Wie viel verdient ihr mit den Fruchtgummis? 

Lena: Das ist sehr unterschiedlich, weil wir auf verschiedenen Kanälen verkaufen, die unterschiedliche Handelsmargen haben. Insgesamt haben wir im vergangenen Jahr einen siebenstelligen Netto-Innenumsatz erwirtschaftet und über 100.000 Produkte verkauft. 2020 wird sich der Umsatz voraussichtlich mehr als verdoppeln, trotz Corona. Wir waren von Anfang an profitabel, auch wenn Investoren das nicht so gerne hören.  

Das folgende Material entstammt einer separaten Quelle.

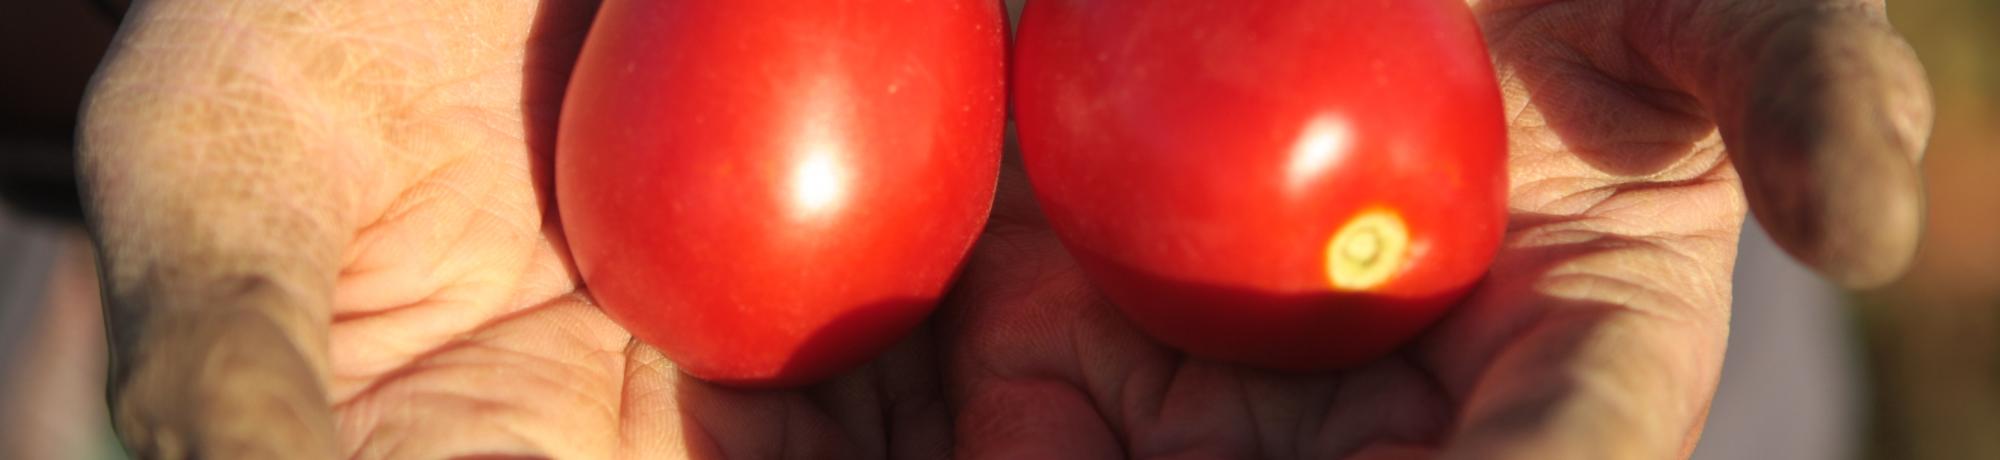 Hands with tomatoes

Wärt ihr denn offen für ein Angebot von Investoren?

Laurence: Klar, das würden wir nie ausschließen. Wir sehen, wie viel wir in den ersten zwei Jahren geschafft haben und wie wir organisch wachsen konnten. Jetzt sind wir breit aufgestellt in Deutschland, Österreich und der Schweiz und auch mit unserem eigenen Onlineshop, weswegen der Schritt durchaus in Frage kommt, uns mit Investoren auseinanderzusetzen. Auch ein Exit ist irgendwann denkbar.